#### YOUR INSTRUCTIONS
Give back, word for word, only the lines from the one containing "Good Pre-Owned Condition." to the end of the listing below.
(Beginning of DATA EXCERPT)
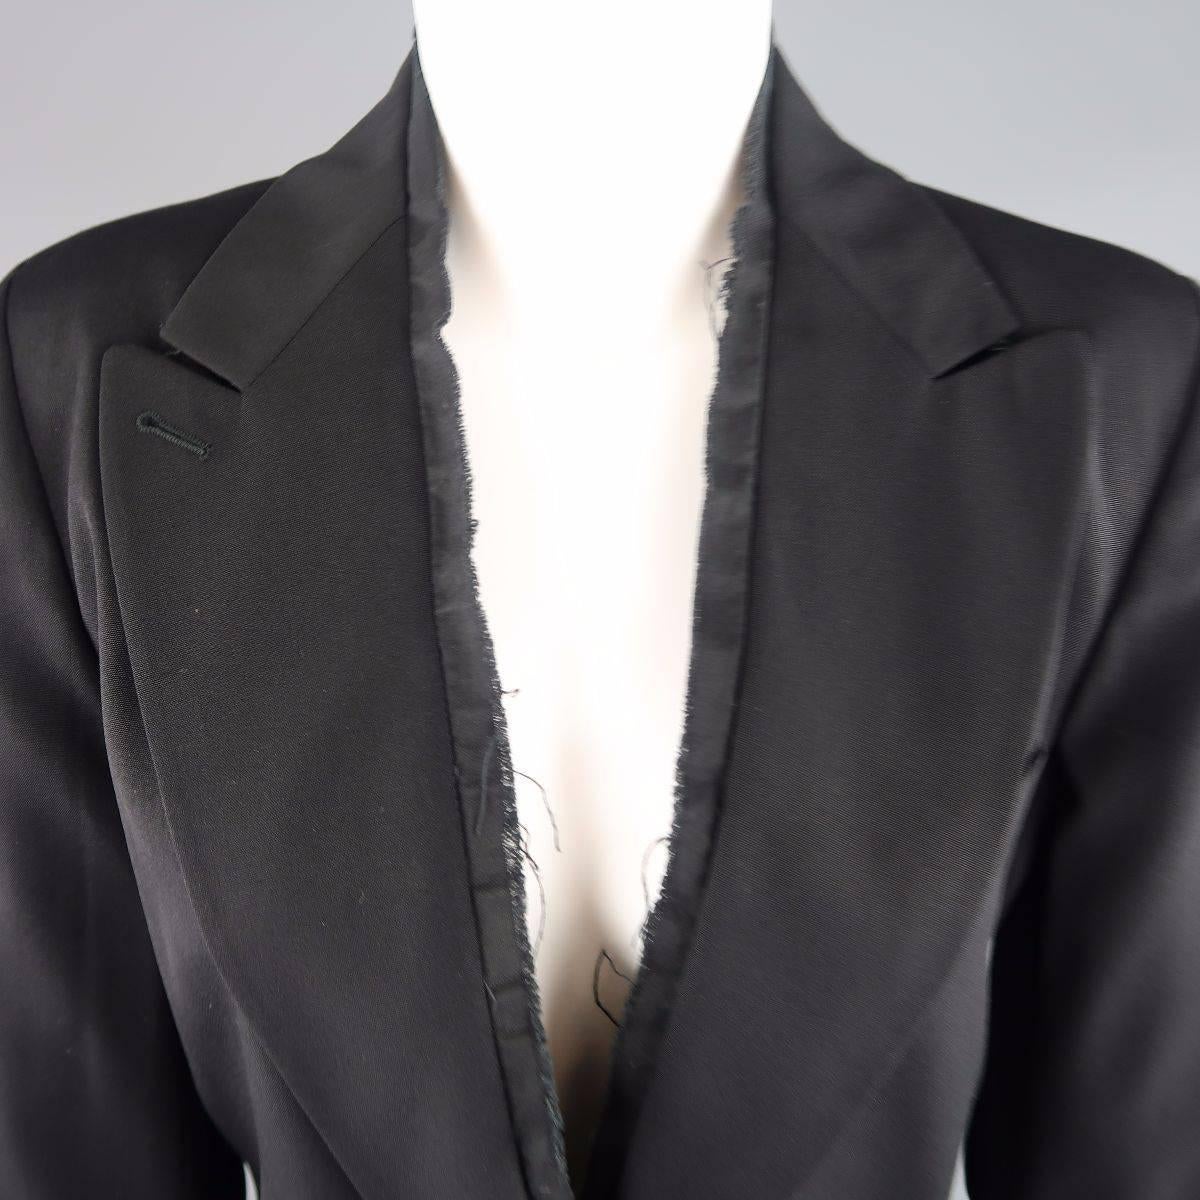 ANN DEMEALEMEESTER blazer jacket comes in black wool fabric and features a large peak lapel, single button closure, internal tie detail, and raw edge piping along the neck line. Made in Italy.
 
Good Pre-Owned Condition.
Marked: 40
 
Measurements:
(End of DATA EXCERPT)
#### ANSWER SECTION
Good Pre-Owned Condition.
Marked: 40
 
Measurements:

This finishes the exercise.